The answer is no. The established security layers from the open source and Linux world are also available certified for SAP environments. Supported by an automation solution, they can even simplify and increase IT security. In the Linux area, many proven features are available that sustainably improve IT security. In the meantime, they can also be used in the SAP area in an increasingly curated and certified manner.
One example is the SELinux security architecture, which defines access controls for a system's applications, processes, and files based on security policies. Since the end of last year, SELinux in Red Hat Enterprise Linux has also been certified for SAP production environments by SAP. Linux operating systems for SAP solutions can also provide other security features. These include preventing the use of undesired applications or protecting business-critical data with network-based hard disk encryption - for SAP Hana data at rest, for example.
SAP users also benefit in particular from the Red Hat Insights managed service, which includes proprietary rule sets for use in SAP. The service provides risk analysis, proactive infrastructure management, and automatic remediation of potential software security and configuration issues. With a focus on operations, security, and business, the service analyzes platforms and applications for security and performance risks, enabling better management of SAP landscapes.
The Linux operating system for SAP solutions can also have several security-related certifications and validations. These include FIPS (Federal Information Processing Standard) in the area of cryptography or the Common Criteria for Information Technology Security Evaluation. Regular validations regarding applicable hardware and software versions offer users more flexibility. With a certified operating system for SAP solutions, the basis for high security of the digital core is thus available. But the topic of security must be viewed more holistically.
For example, SAP users face the challenge of patching their IT landscapes quickly and securely, proactively monitoring business-critical systems, and resolving problems immediately. It should also be possible to perform maintenance activities with virtually no downtime, for example for SAP Hana. This is where the automation tool Ansible comes into play, which provides automated support for security and incident management processes - for example, with the creation of playbooks for the execution of patches, even specifically adapted to the operation of SAP.
The automation of IT security offers companies the opportunity to integrate isolated solutions, standardize processes and thus improve IT security in general. After all, companies generally use a large number of individual security tools. A company can overcome the associated management challenges by introducing automated workflows based on a security automation solution.

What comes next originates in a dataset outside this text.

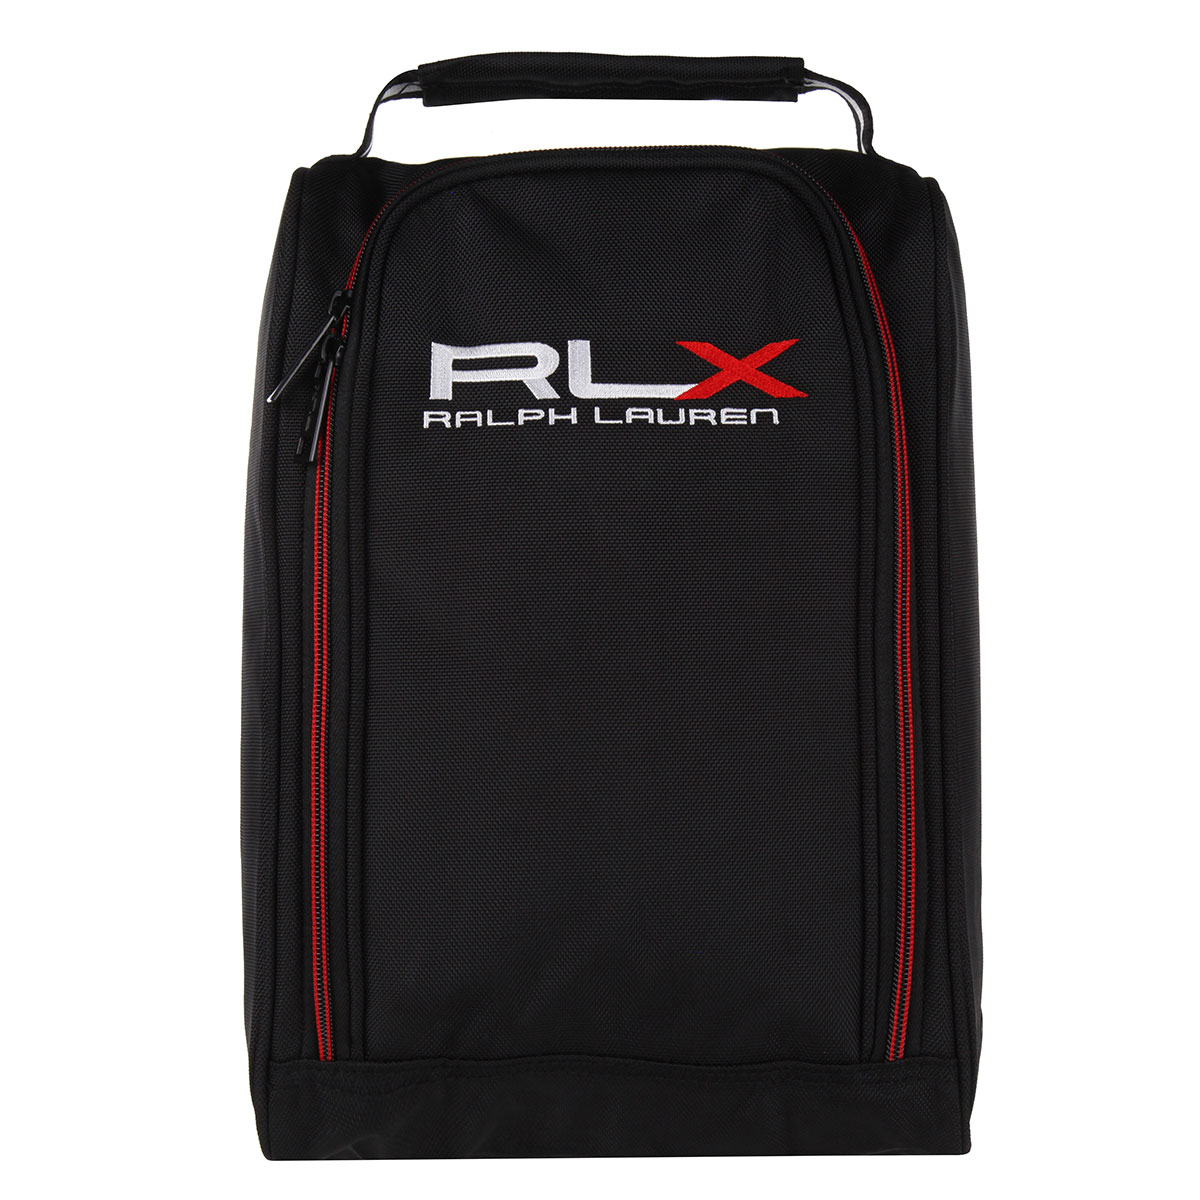 Ralph Lauren RLX Golf Shoe Bag from american golf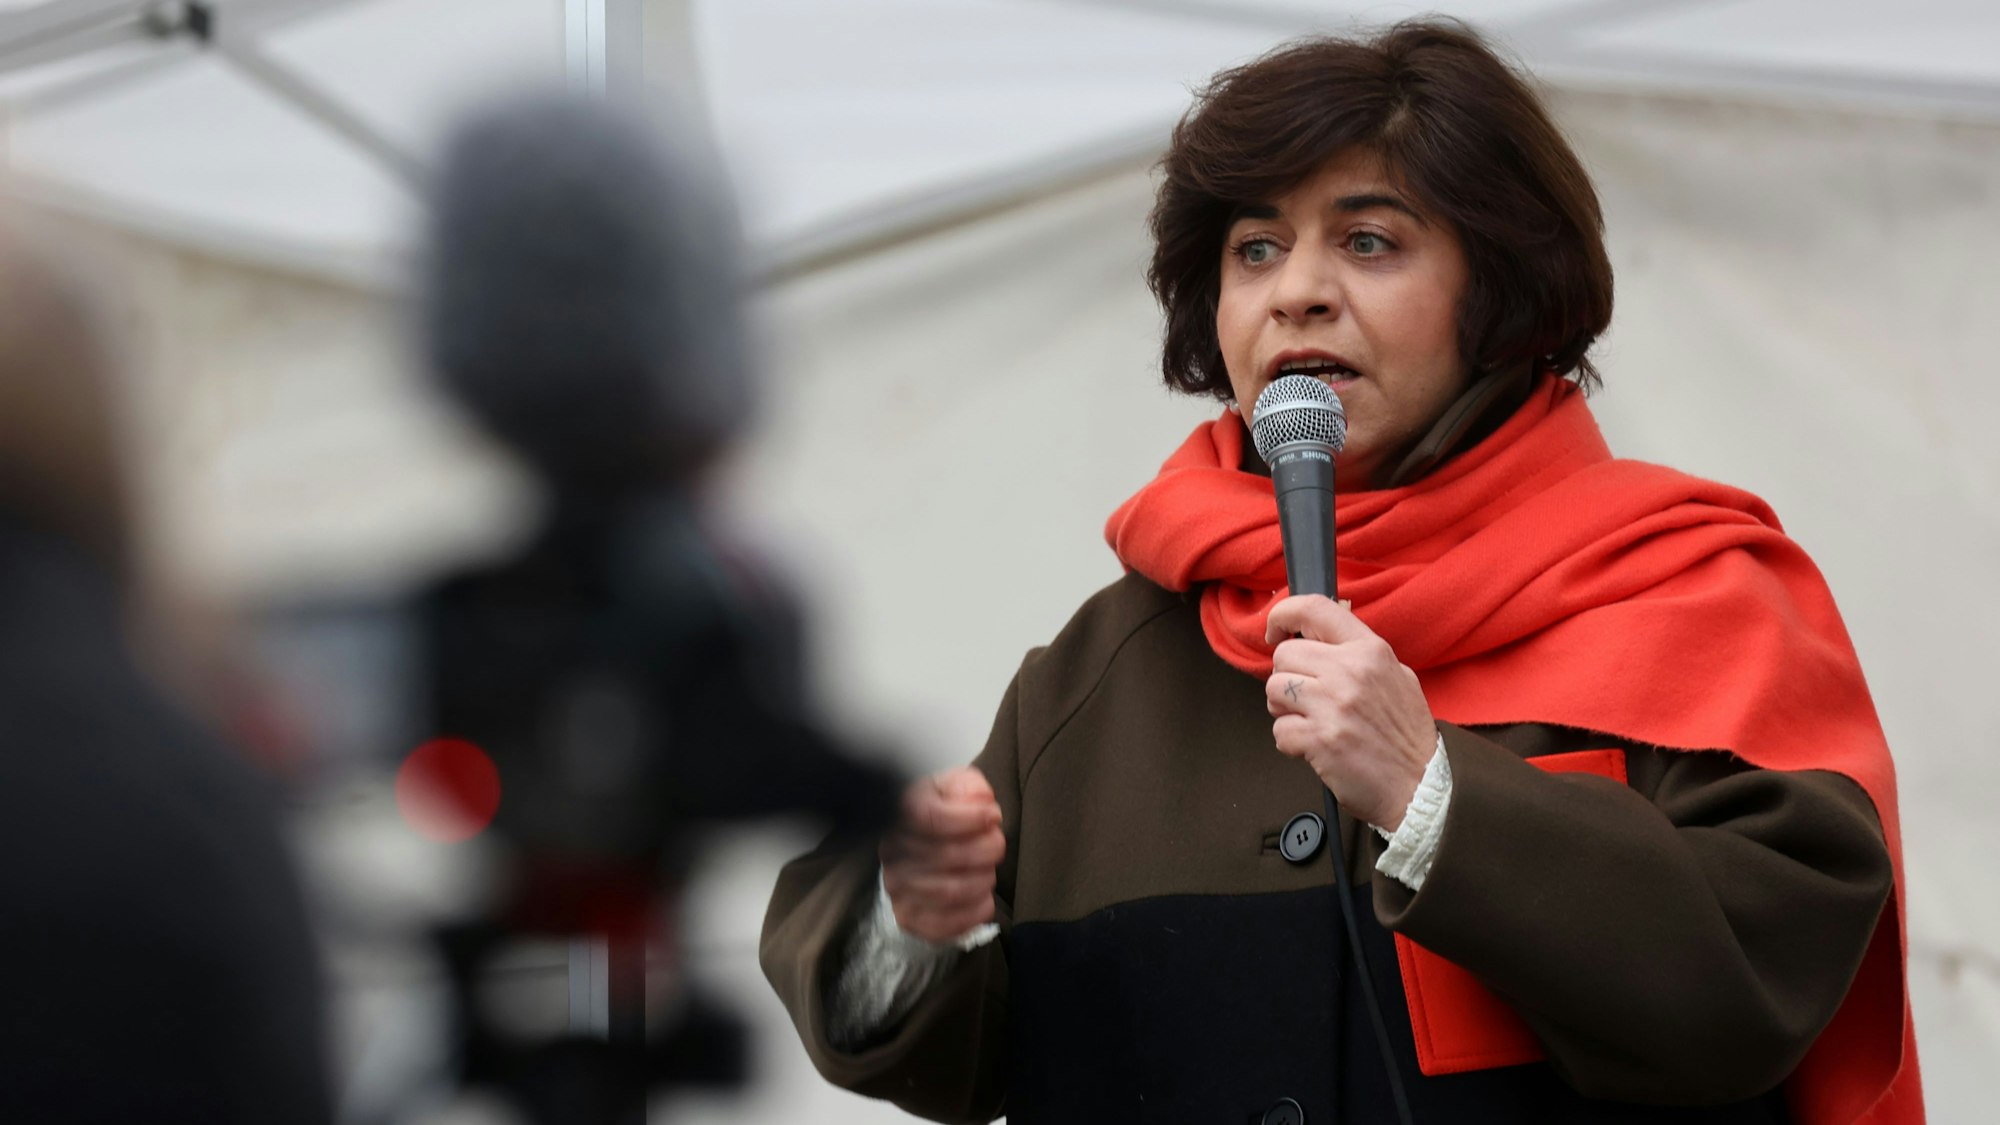 Berivan Aymaz, Vizepräsidentin des Landtags NRW

An automation solution such as Red Hat Ansible Automation Platform can be integrated into existing tools and processes using RESTful APIs and a self-service portal. For example, the following elementary security solutions can be integrated and orchestrated: SIEM (Security Information and Event Management), IDS (Intrusion Detection System) and IPS (Intrusion Prevention System), enterprise firewalls, PAM (Privileged Access Management) or endpoint protection platforms. This comprehensive integration and automation can simplify and enhance IT security.
The examples from the non-SAP and open source world, such as SELinux, Red Hat Insights or Red Hat Ansible Automation Platform, show how higher security can be enabled in IT.